The December 25, 2022 broadcast on Nickelodeon drew approximately 900,000 viewers. This was a 400% increase over the previous year's Christmas Day time slot, as well as the highest-rated Christmas Day telecast since 2016, with approximately 2.6 million viewers watching in full or in part. Combined with the roughly 22 million who watched the Broncos-Rams game on CBS, then approximately 22.574 million viewers watched in total. Despite that figure being down from both the Christmas and equivalent Sunday windows the previous year, it was the largest Christmas audience for CBS.

The December 25, 2023 broadcast on Nickelodeon drew approximately 900,000 viewers. This was the most-watched early afternoon program on Christmas Day in ten years. Combined with the 28 million who watched the Raiders-Chiefs game on CBS, then approximately 29.171 million viewers watched in total, peaking at around 37.163 million. This was a 29% increase over the previous year's game. According to CBS Sports, this not only marked it as the largest Christmas Day audience for CBS, but also the biggest audience for an NFL Christmas Day game since 1989.

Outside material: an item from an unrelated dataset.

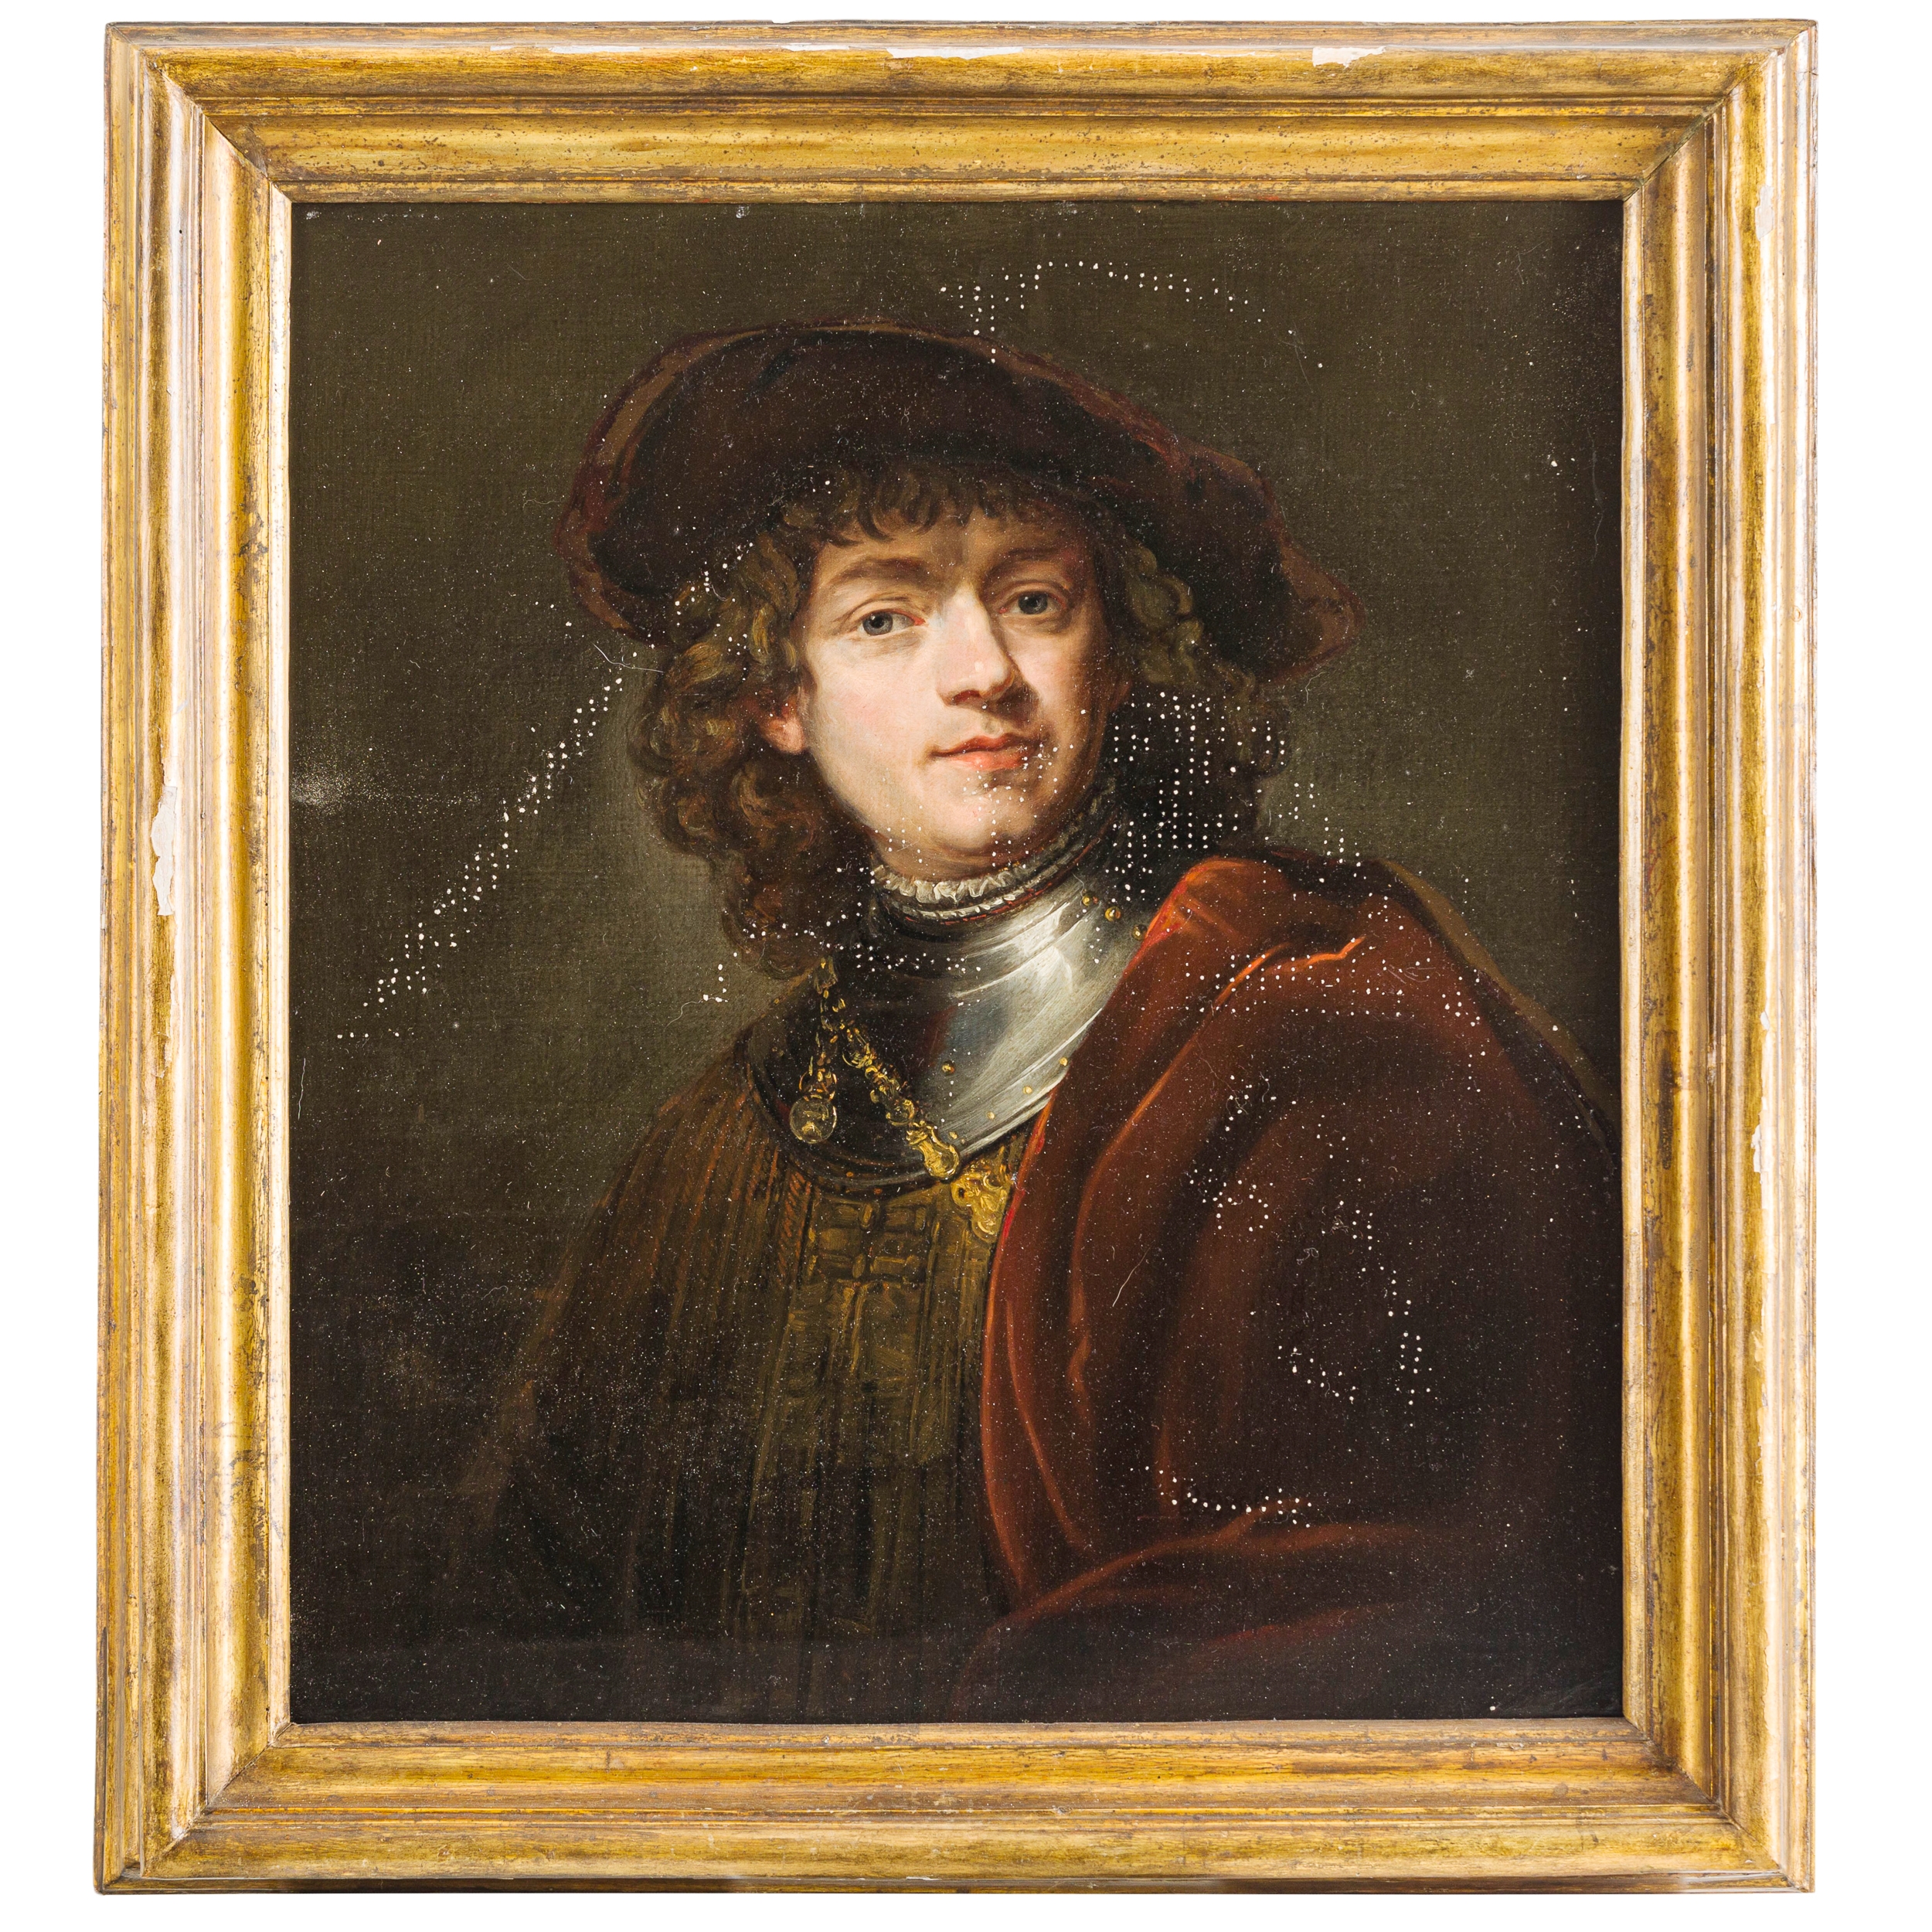 Autoritratto by Rembrandt van Rijn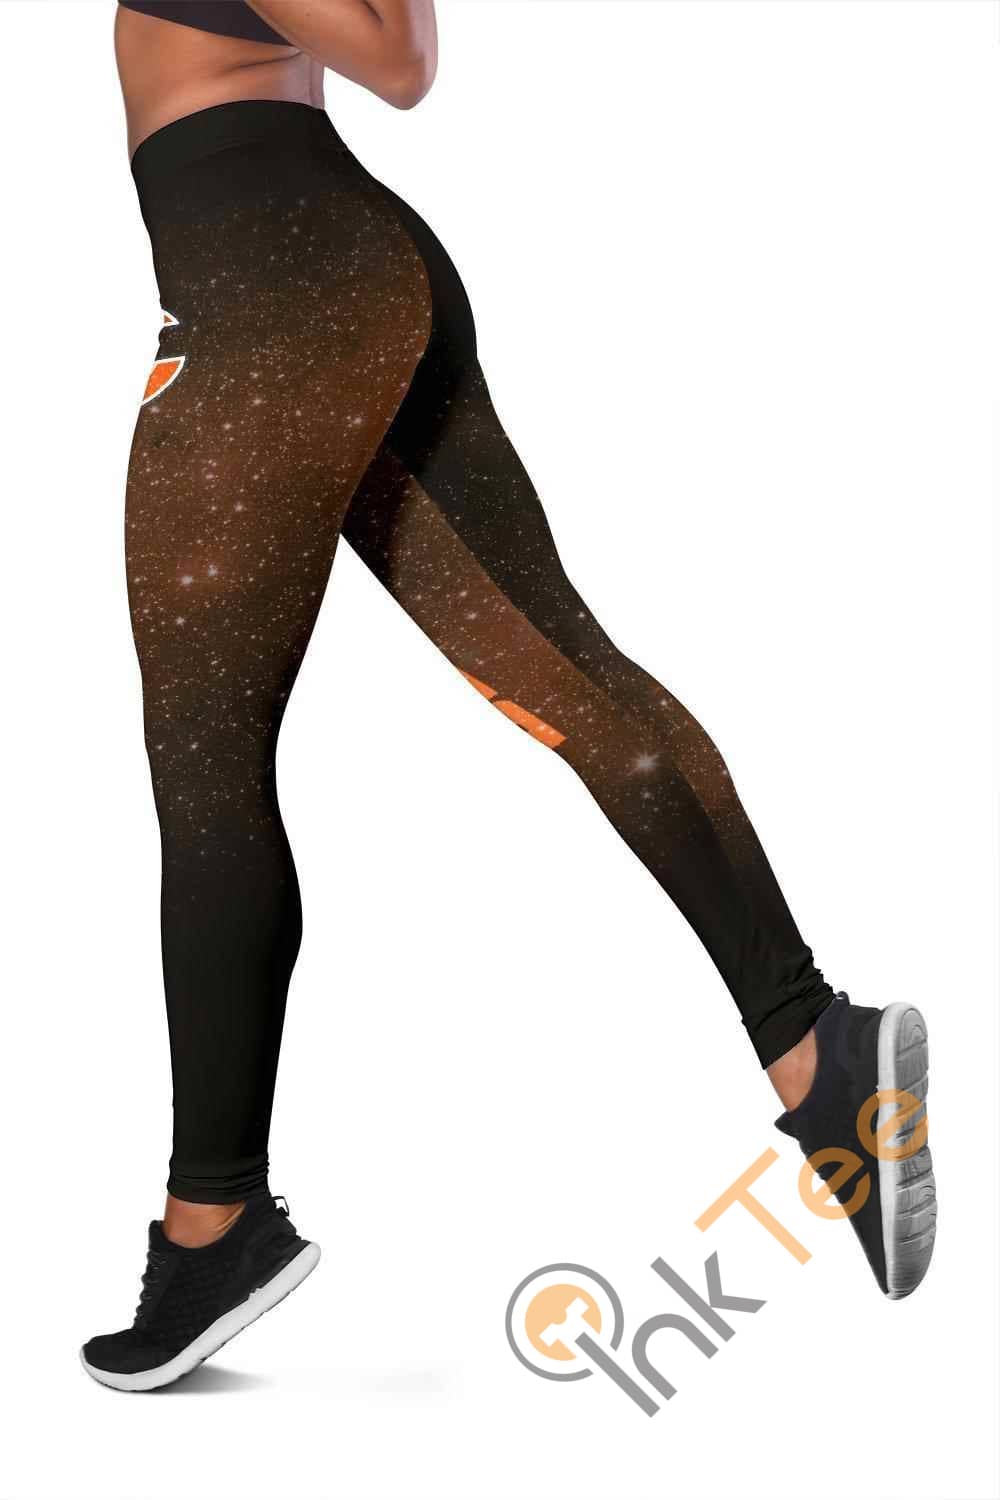 Inktee Store - Chicago Bears 3D All Over Print For Yoga Fitness Women'S Leggings Image

The Super Bowl broadcast on February 11, 2024, drew approximately 1.2 million viewers. Combined with the 120 million who watched the 49ers–Chiefs game on CBS, and the 2.3 million on Univision, then approximately 123.714 million viewers watched in total. This was a 7% increase over the previous year's game. According to CBS Sports, it was the most-streamed Super Bowl ever on Paramount+.

== Reception ==
According to a poll conducted by Morning Consult, more than 70% of parents said they would watch a game like that with kids after showing them a one-minute clip of highlights to give them a sense of Nickelodeon's broadcast. Two-thirds said that Alphas would enjoy the Nickelodeon broadcast more than the traditional version on CBS.

Reaction on social media to Nickelodeon's telecast of the Chicago Bears-New Orleans Saints playoff game on January 11 was mostly positive, with the non-targeted adult audience applauding the fun the network was having.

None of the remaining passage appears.